Re: Threads race for VM

From: Andy Valencia <vandys_at_nospam.org>
Date: Thu Nov 04 1999 - 11:52:21 PST

[Eric_Jacobs@fc.mcps.k12.md.us (Eric Jacobs) writes:]

>Ah... I see. thread1 hasn't taken the pset lock yet, so he could
>be pre-empted without even falling asleep on a semaphore.
>Probably unlikely, but certainly possible.

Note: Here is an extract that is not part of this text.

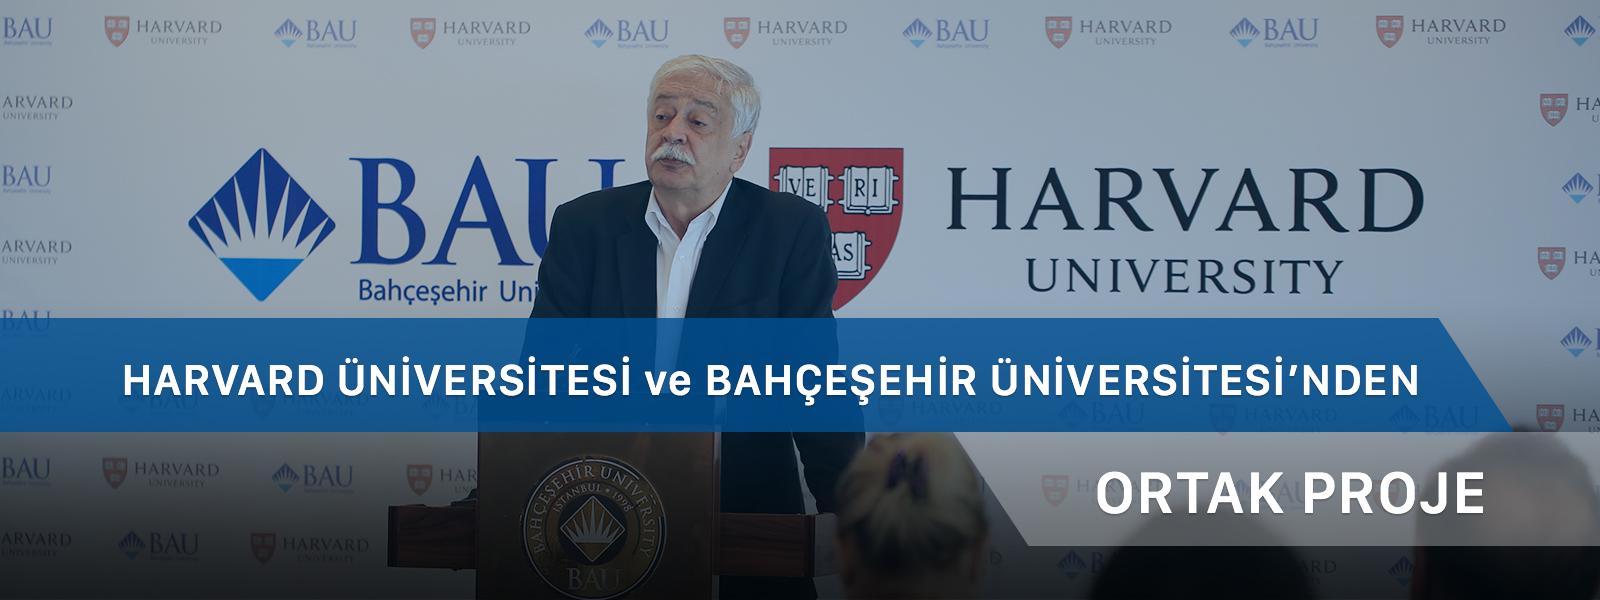 http://content.bahcesehir.edu.tr/

In a kernel mod I did for the Oracle production systems (back when I was at
Sequent), I sent out a patch before having it reviewed by "the" SMP VM guy.
In his review, he found the most miniscule of potential race conditions, and
commented (wryly) "it's almost impossible to hit, so they'll have to reboot
only once a day". In fact, it hit twice a day, but fortunately it hung the
CPU in a way which could be cleared by manual intervention (rather than a
reboot).

My lesson: in OS's, everything possible, happens.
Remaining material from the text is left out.